Wednesday, March 14, 2012

It Takes a Village

You know how they say it takes a village to raise a child? Well, here in Rwanda, it also takes a village to raise a...well, I guess I'll go ahead and say it...a muzungu. Actually, it takes several, which is due to the fact that a village is approximately 10 households around here so my community as a whole is easily made up of four villages outside of my own. And man, do my villages have some collective parenting skills! They know when I'm sick; they know when I'm tired; they know when I'm cold and when I'm hungry....of course, they always think I'm hungry and frequently remark and the sad fact that I have not, in fact, gained any weight since arriving in Rwanda, which is really something I ought to remedy as soon as possible. From my basic physical needs to my education as a proper umunyarwanda (Rwandan citizen) my villages have all the bases covered.

I realized this for the first time two days ago as I was about to enter the school grounds to teach. I was stopped by Sister Patricia, who wanted to fix my hair and to try to wipe something that turned out to be a bit of dead skin off on my face. This is fairly common practice for the nuns, but here, in front of my place of work, I realized for the first time how much I was being mothered. However, it's not just the nuns that seem to think I need looking after. It is the personal responsibility of every mama in town to make sure I am doing well. If I don't wear a sweater, I'm told to go home and get one; if I wear a sweater, I'm told to put my hood up; and, if my hands are cold, I must be sick and there is a good chance someone will come by my house later with tea and bread...not that I mind. Even my all-male staff refuses to allow me to walk in the rain, a doting tendency that borders on the absurd when it's sprinkling and I need to make my way from the teachers' lounge to the classroom. Last week my headmaster spent so long running around the grounds to find me an umbrella that it had virtually stopped raining by the time he handed it to me so I could go home.
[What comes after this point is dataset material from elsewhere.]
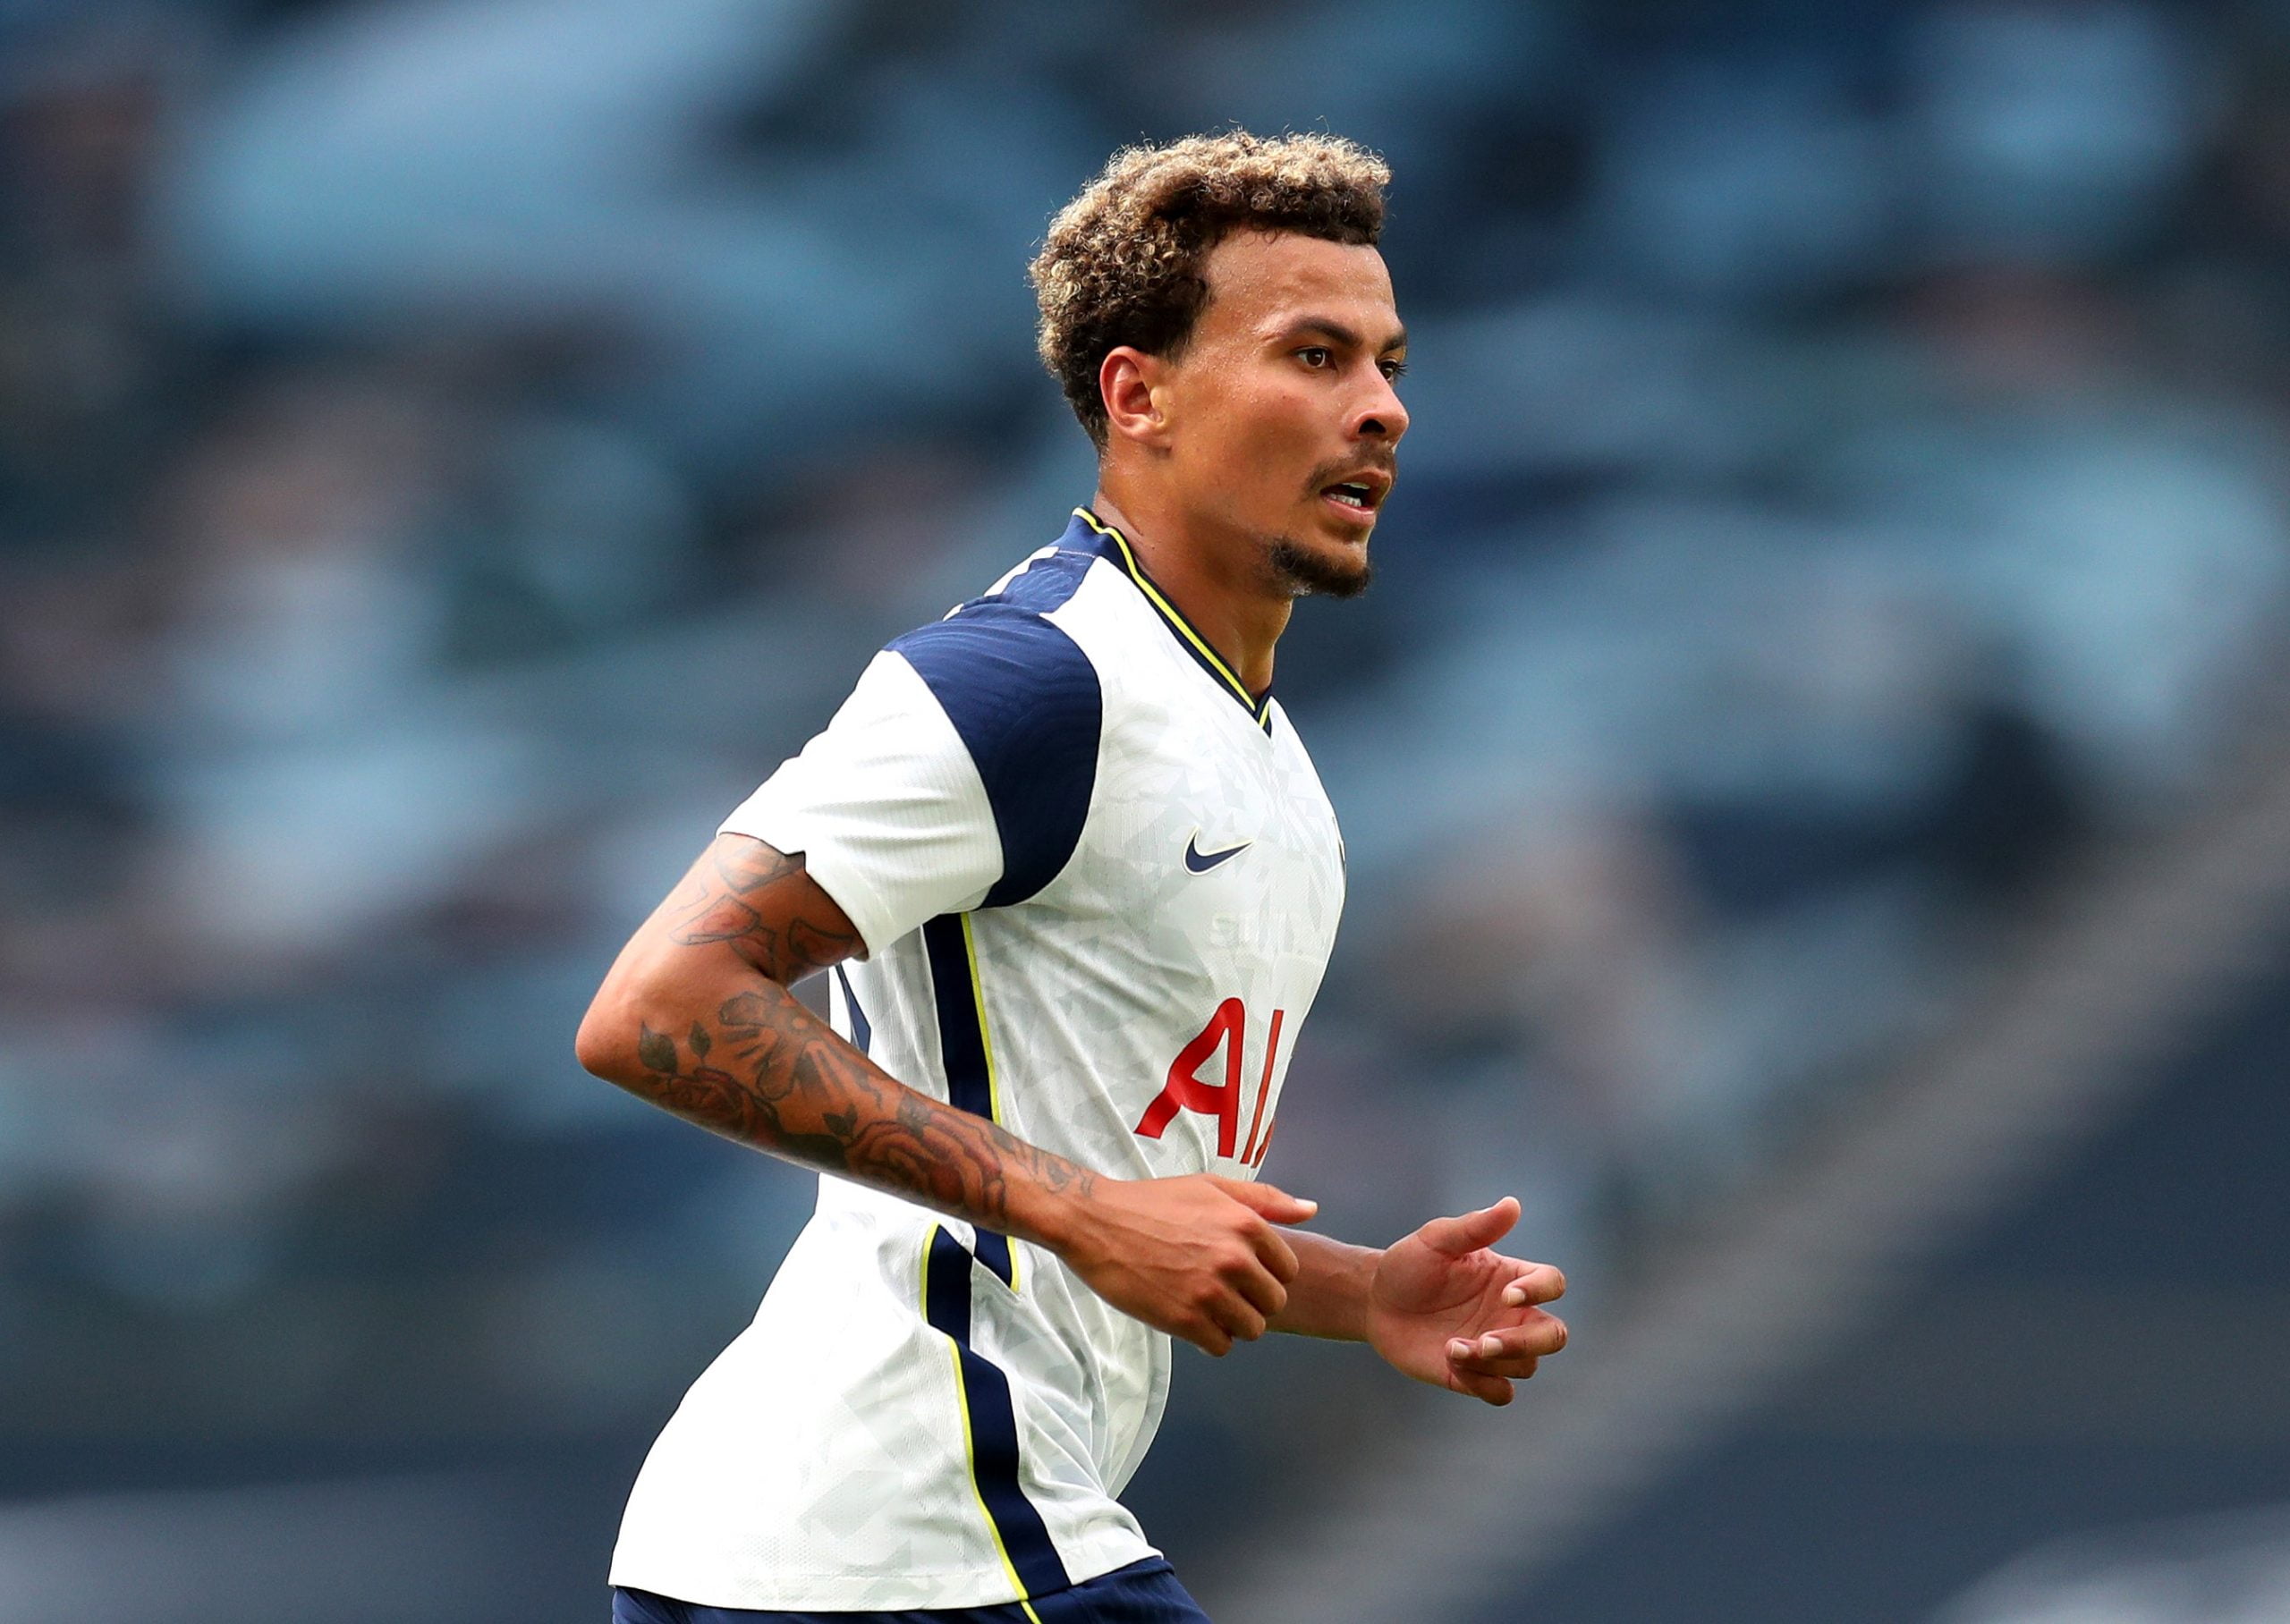 Newcastle United eyeing a loan move for Dele Alli who is in action in the picture

In addition for monitoring my physical well-being, my villages are heavily invested in my education and each person I talk to during the course of the day is a teacher. On some days, my glowing parents are thrilled that I seem to have learned a new word (although it's often an old one that I simply haven't had the occasion to use yet) and even happier to try to teach me something new. Beyond my ongoing language education, the mamas that run the co-op with which I work are raising me to be the perfect Rwandan bride and constantly comment on the good fortune of my future husband when I do something as mundane as pulling a weed or sticking my hand in a puddle of cow manure to plant a sweet potato. And these skills actually do equate into my appeal for marriage. I was recently informed that several men have, in fact, been by to visit the priests (my surrogate fathers for the next couple of years?) to ask for my hand in marriage. Thankfully, the fathers had the sense to tell them to ask me, knowing full well that none of them would muster the courage.
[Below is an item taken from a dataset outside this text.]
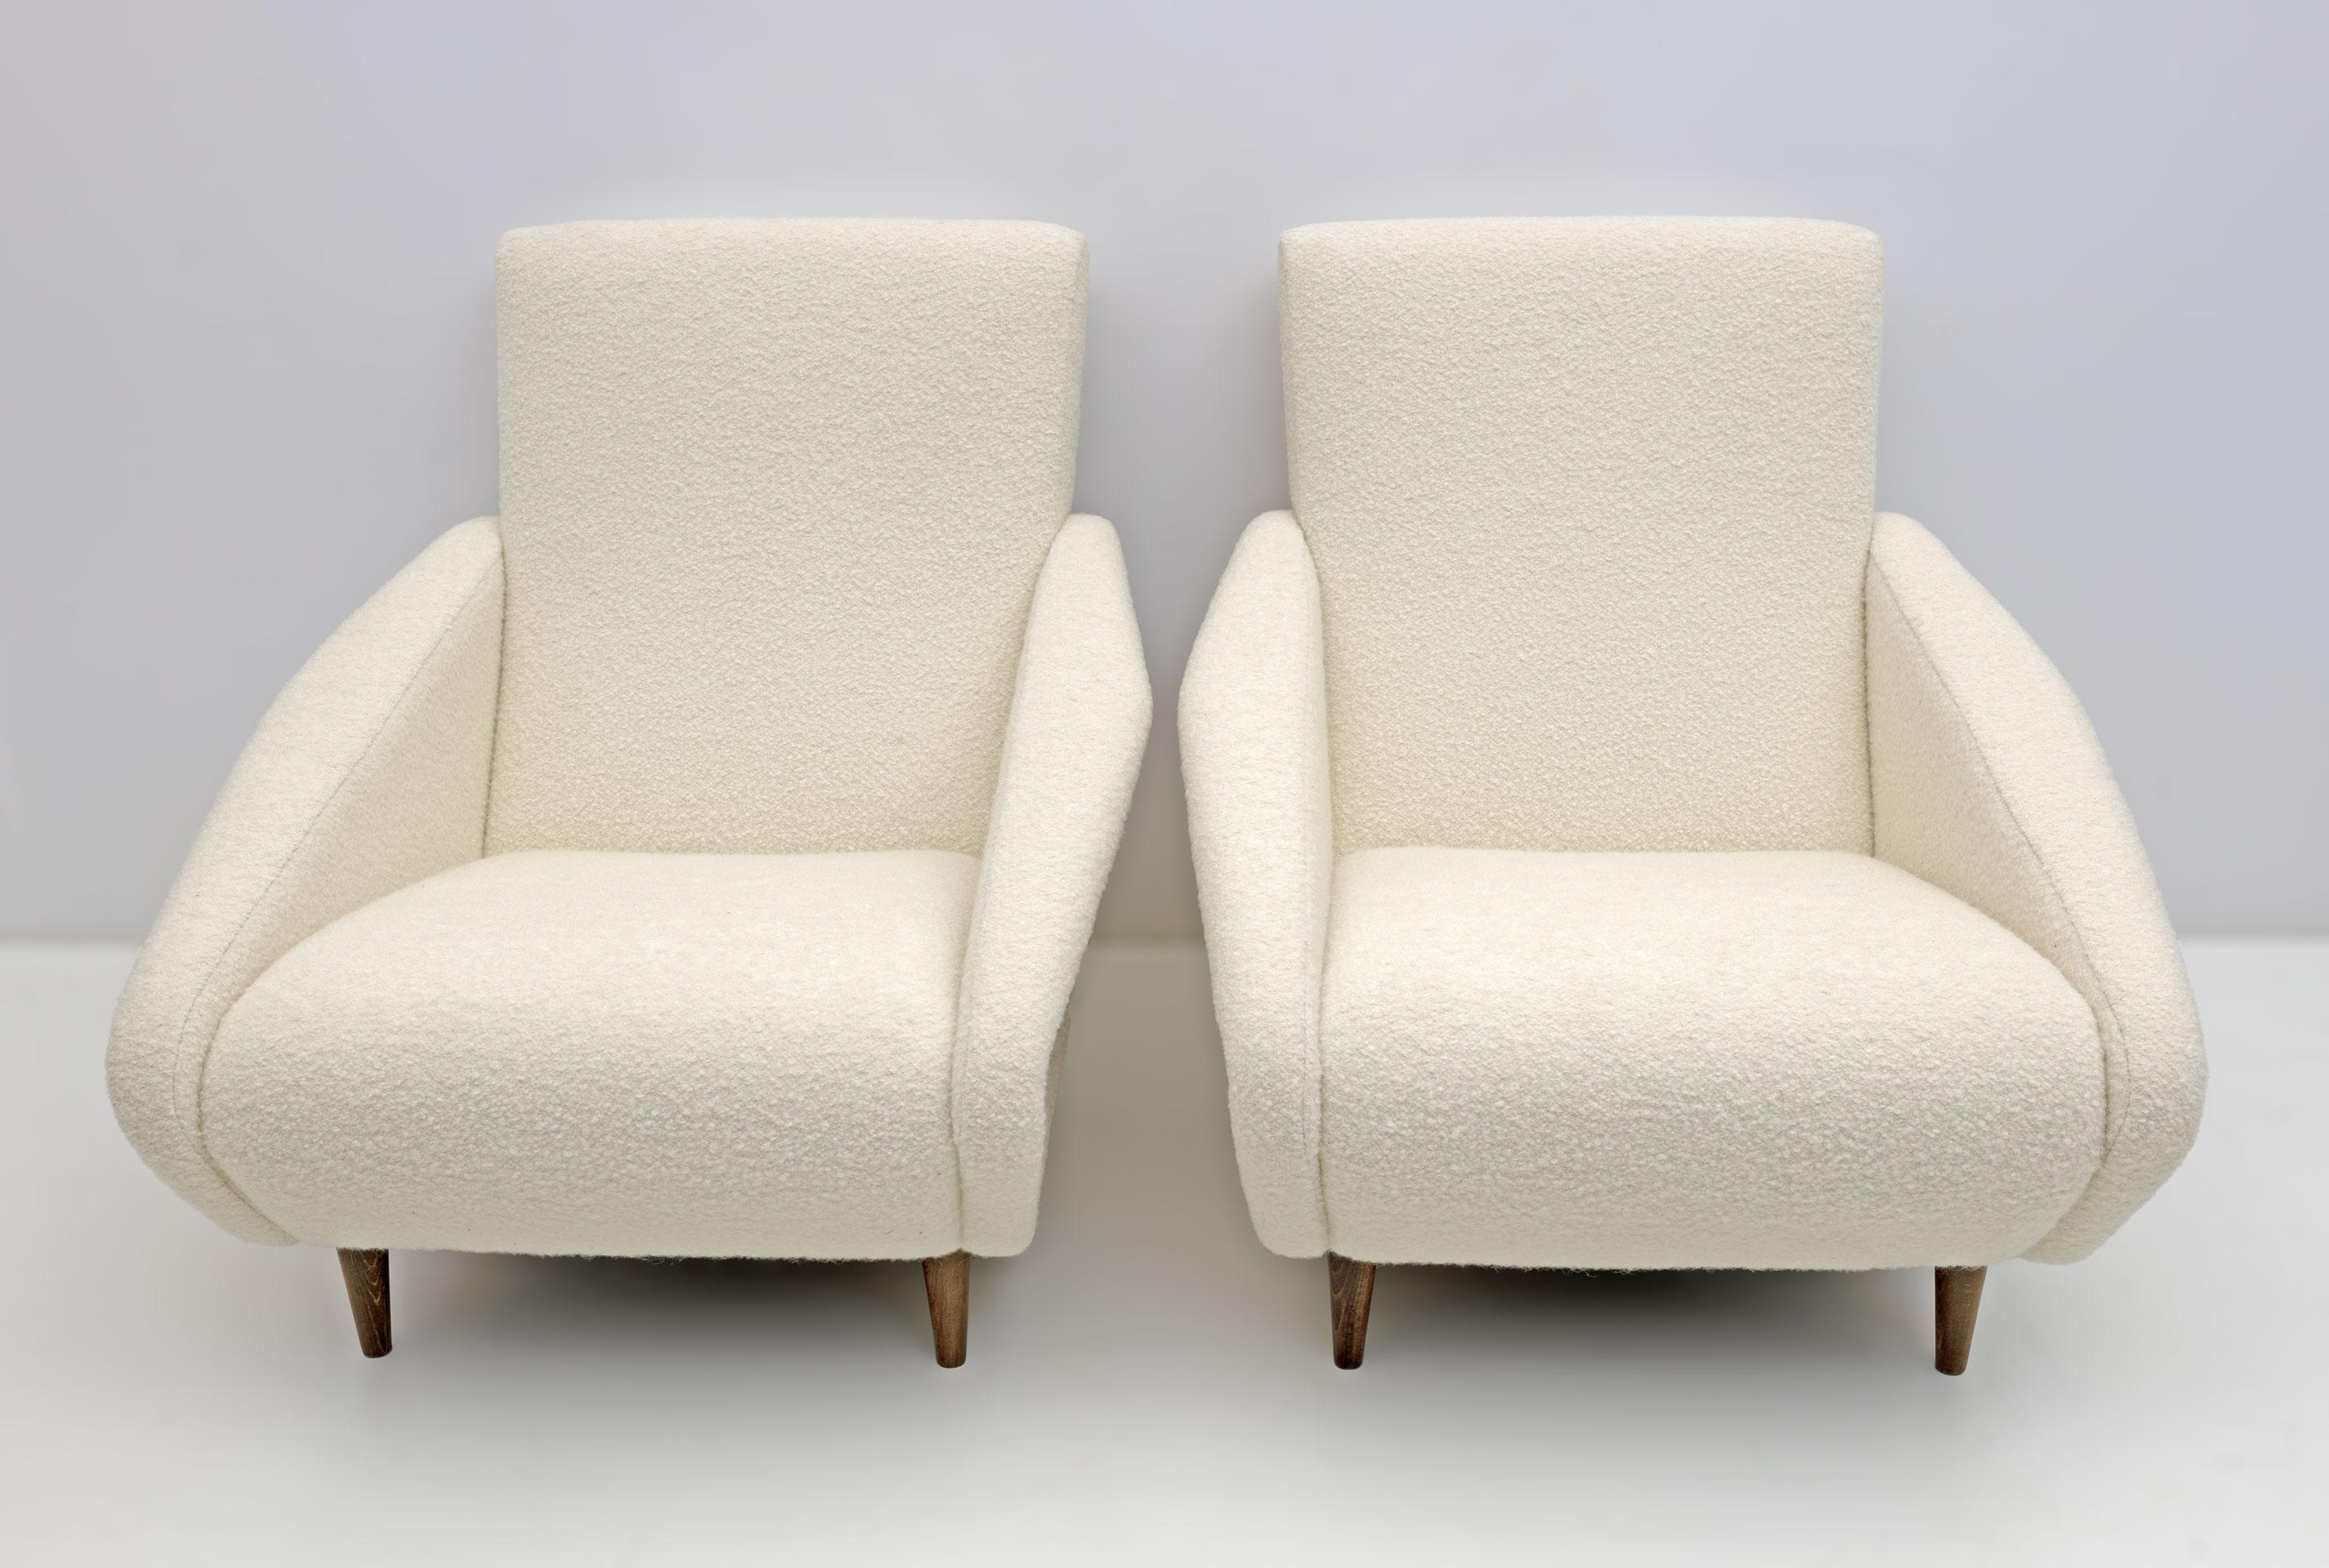 Pair of Bouclè wool armchairs, Distex 807 armchairs by Gio Ponti. Completely restored and upholstered in Bouclè fabric

A few months ago, I would have found all of this undeserved attention rather undesirable. I would have assumed that people treated me with so much deference due to some sort of horrible socially-constructed racial divide, the precise barrier that I am trying to break down in being here. However, it seems that the doting is more of a result of my villages getting to know me than it is that they see me as a foreigner. They certainly wouldn't have been so comfortable commenting on my choices in fashion (earrings are a big deal around here) or grabbing my hair to fix it in the middle of the marketplace if they still saw me as a complete outsider. Buhoro buhoro (slowly by slowy, as they say here), I am working my way into this overgrown family of mine.